Sunday, May 8, 2016

Looking inward isn't always revealing. The overinterpretation of stuff.

I've so far avoided noting the death of an R&B star that occured recently.

That doesn't mean much, other than that it fits into a recent series of comments in which I noted that I wasn't going to gush over David Bowie and I was overawed by James Taylor, who received a medal from the President recently.

If I had commented, it would have been on how it all fits into a trend in which entertainers, who are justly celebrated for their entertainment accomplishments, are elevated into major cultural icons, when they ought not to be. And everyone jumps on the bandwagon and just gushes about it.

Unless, I guess, they're blues musicians.  Lonnie Mack recently died and I really did admire his music.  Blues and jazz musicians, however, don't become cultural icons.  They're just admired for their music.  You have to cross into pop in order for that to happen.

Anyhow, this didn't quite happen in the same way that it had with Bowie, oddly, in that the public lauding didn't cross into true fawning.  And that's a good thing.
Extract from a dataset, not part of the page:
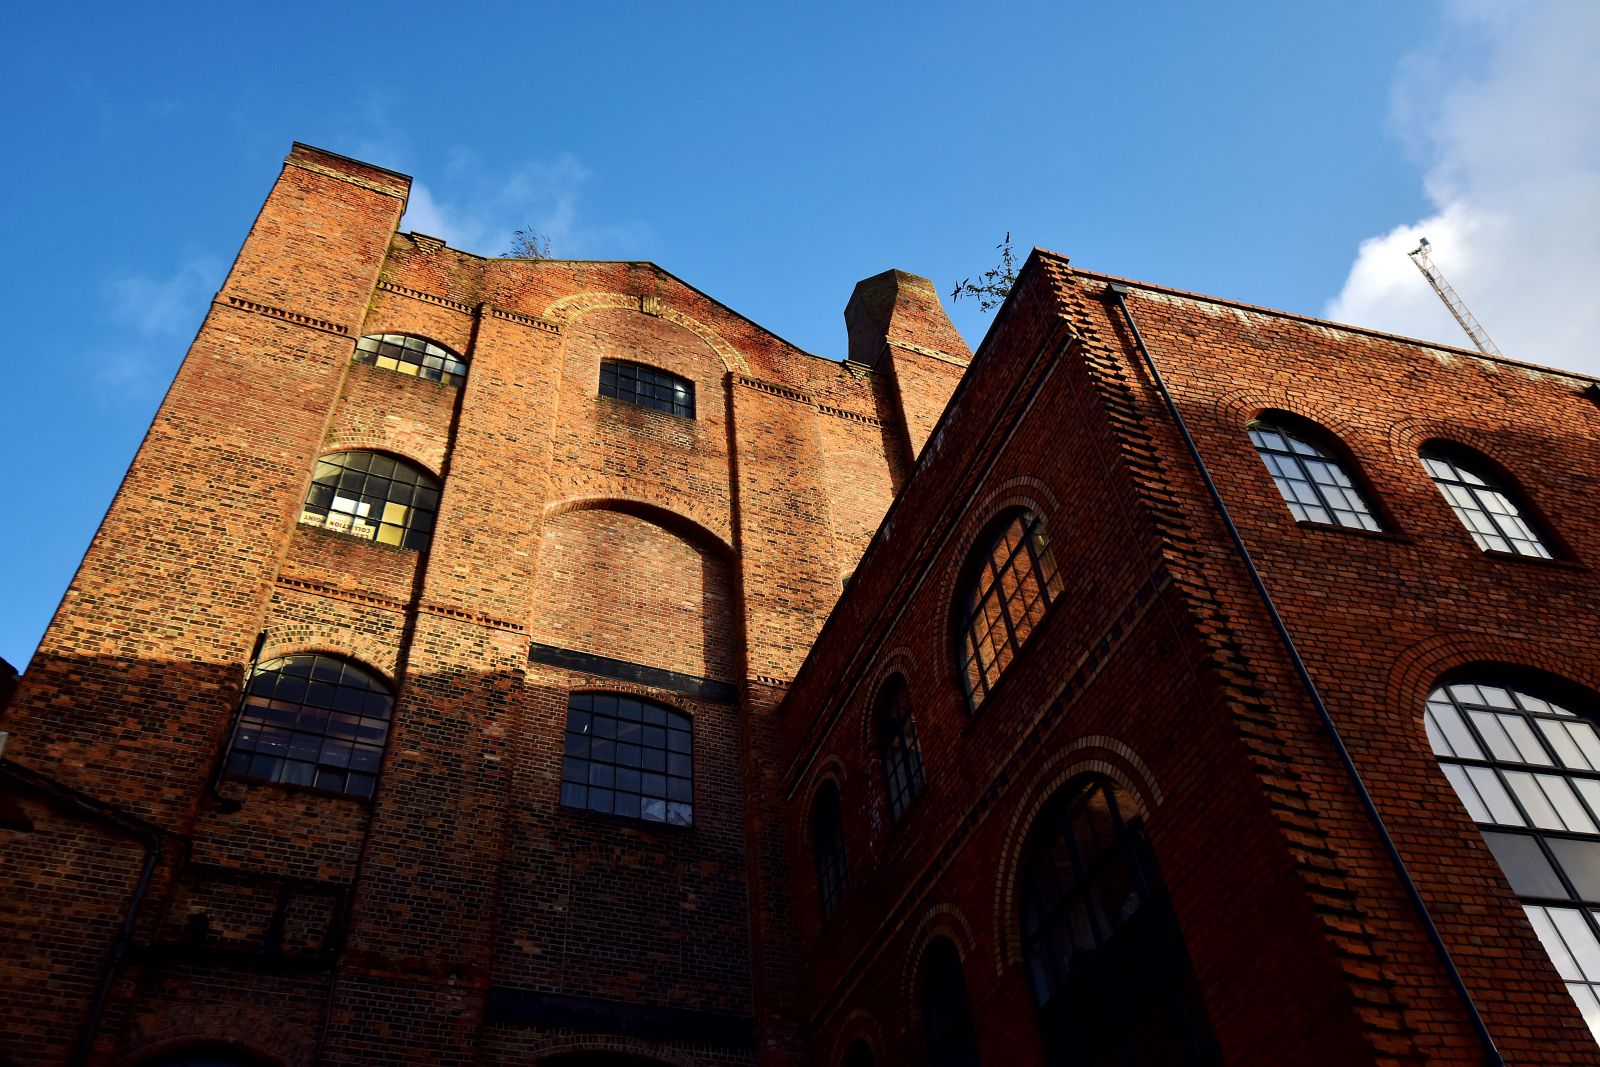 The factory building was once home to long-running retailer Gardiner Haskins. 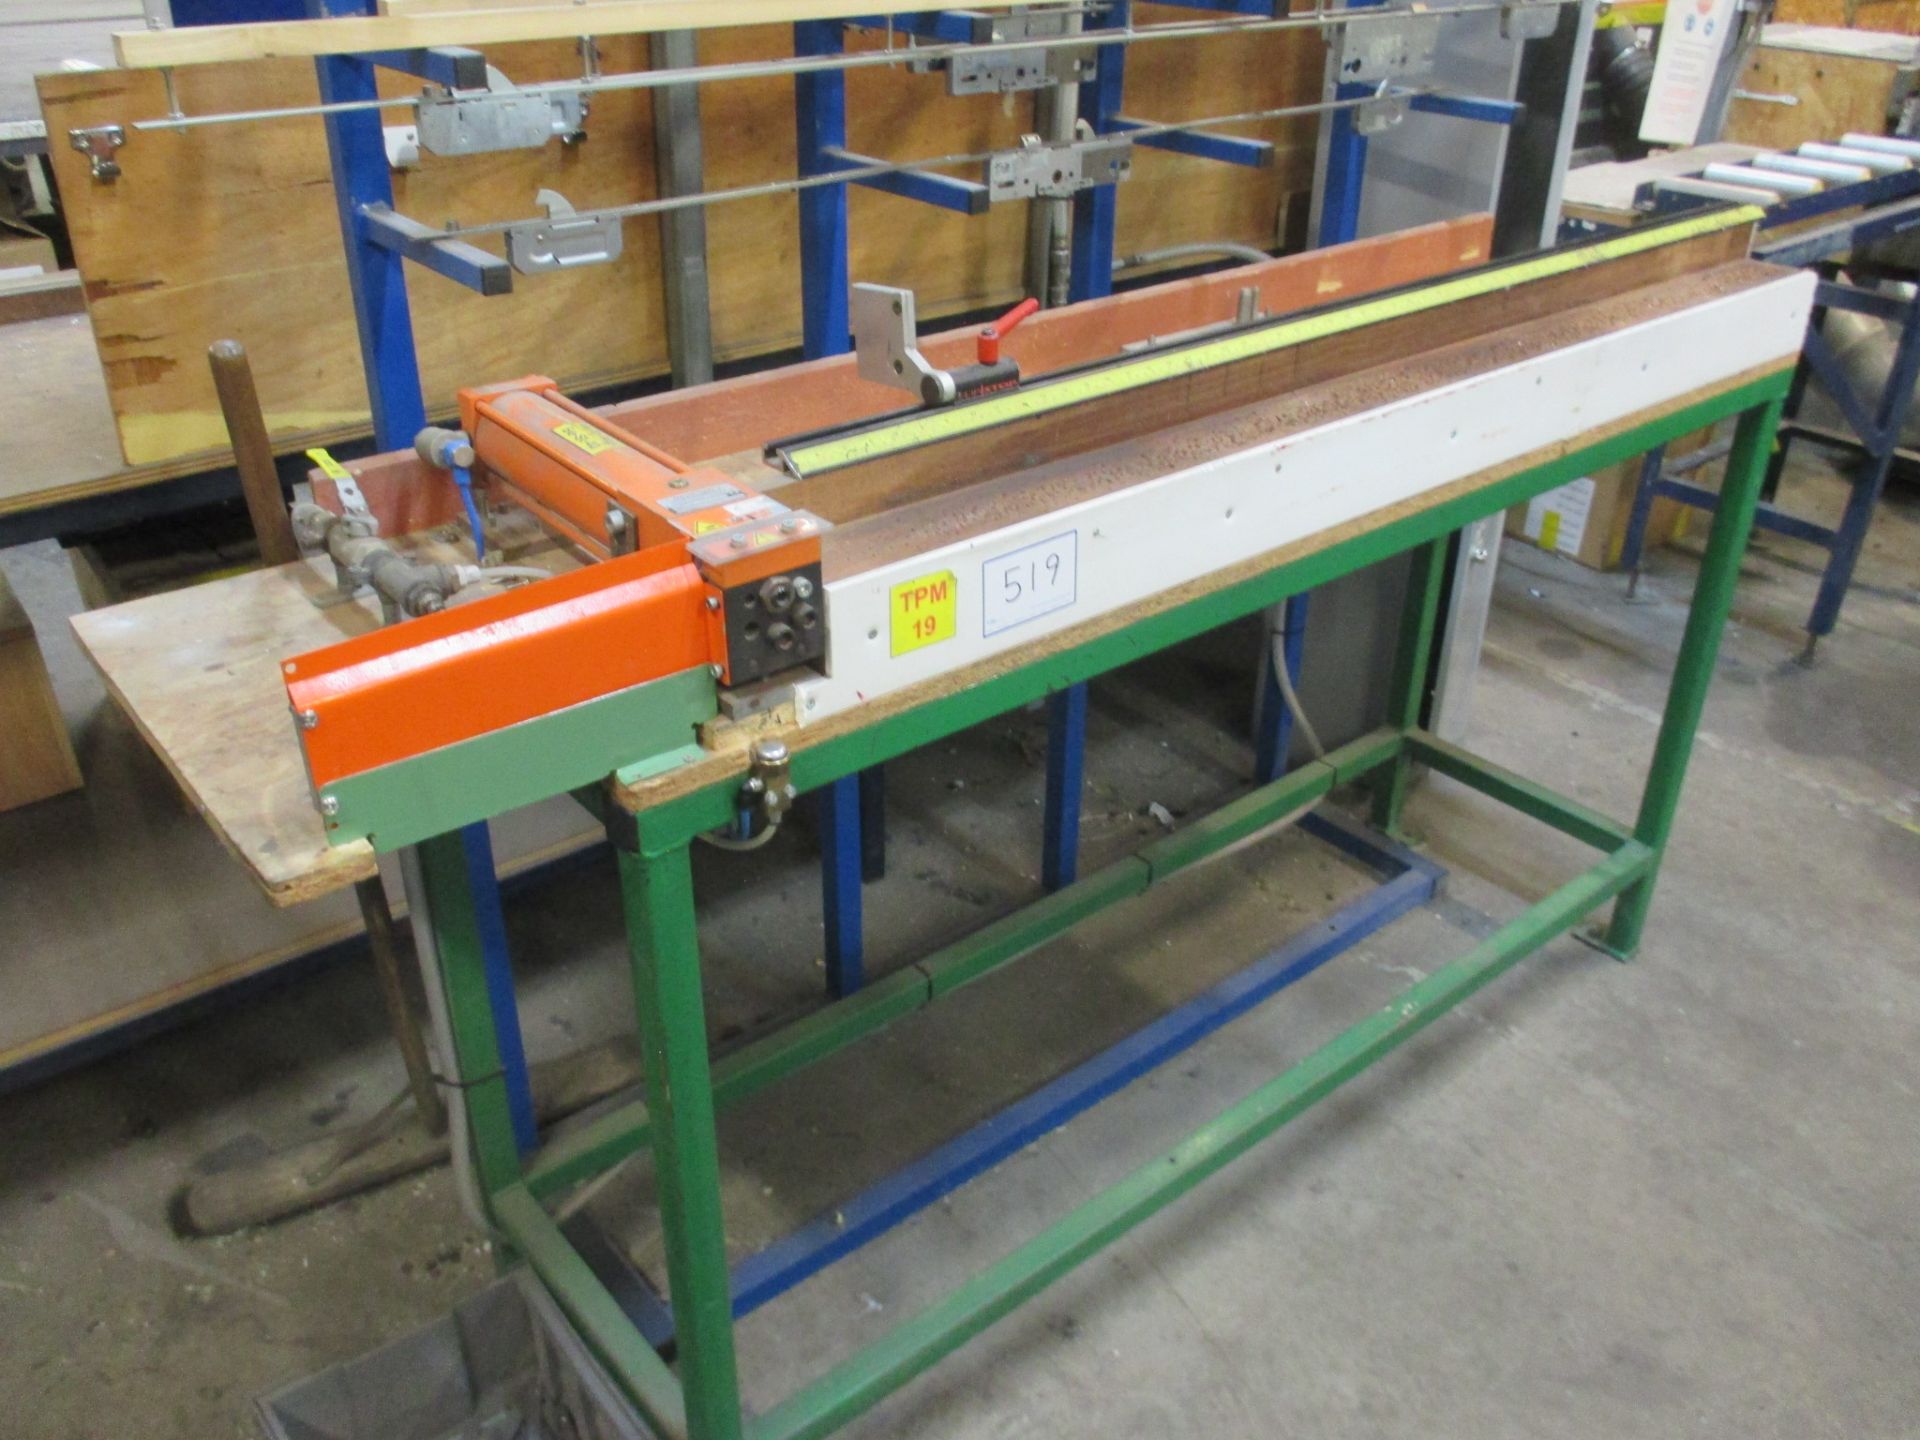 1: Reiplinger, MultiMax Be-St-40, Punching Press and Stand, Serial Number: 051111, Year of Manufactu

And therefore I would have let it pass.

But for a New York Times op ed.

Now, some person wrote a thoughtful NYT op ed about how they weren't joining in their generations mourning as they had no cultural reference. They blamed it on, from what I'd take it, having grown up in an Evangelical household where such music was eschewed, and therefore they had no frame of reference.

Well, perhaps it just me, but that strikes me as rather self indulgent.

I didn't grow up in an Evangelical household, I'm a Catholic, and I was allowed to listen to any music I wanted to.  And did. That's why I know about Lonnie Mack.  Living far from the epicenter of the blues, I picked that up, as well as a collection of guitar heroes of all types.   So, the recently departed R&B figure didn't impress me much.

That doesn't make him a bad entertainer by any means.  Rather, I reference that here as the idea that a person grew up in some sort of isolated environment and therefore is sadly missing out on the national mourning is, well, wrong.  Lots of people aren't wrapped up in it either.  It's a big country, with lots of musical tastes.  I guess the passing immediately prior of Merle Haggard proved that.

Today, I'd note, there's somebody in the local paper who is featured noting that they wish to be a delegate for Bernie Sanders, who took the Wyoming vote in the Democratic primary (but who only gets half the delegates.)  It's noted as the person claims that they grew up in a community in the Midwest that discouraged voting for religious reasons, and this young person (early 20s) only just voted for the first time.

Okay, maybe there is some culture in the Midwest somewhere that discourages people (women?) from voting or maybe discourages their women from voting, but I need to see some input on that.  In 2016?  I can't think that's many people and frankly it just strikes me the wrong way. I'm not saying that they're lying, but that has to be such an isolated instance that it's hardly even worth noting.  Who does that?  Do the Amish or something?  Explain that, darn it, if you are going to cite that.

Which gets me to the frequent heard "well I grew up (fill in religion here) and therefore I was deprived of (fill in whatever it is here) as a kids".  Most of these claims are absolute bunk.  

As noted above, I'm a Catholic raised by Catholics.  And yet I hear this sort of stuff by people all the time.   A lot of it is baloney.  "I went to Catholic school and then nuns whacked us with rulers".  Hmmm. . . maybe they did, but you must accordingly be over 100 years old, and only look 30 . . .   Most of that is a story.  Another one is "we ate fish all the time as I was raised in a Catholic house".  Oh, you look like you are 35 and this hasn't been a rule, for Fridays' since the 1960s. . . .

The guilt one is another good one.  "Catholic guilt" or "Jewish guilt"  I'll let those who are Jewish speak for themselves, but the Catholic guilt one is pure baloney.  Catholics, having the sacrament of Confession, are amongst the least likely people to run around burdened by a sense of guilt, if they are practicing.  Its' just flat out a baloney assertion. And in this day and age when there are a lot of people who run around with the concept that every single living human being in the western world is burdened by hideous psychological problems it's just goofy.

And self indulgent, frankly.

But then, we live in a self indulgent age.  Maybe we ought to get over ourselves a bit.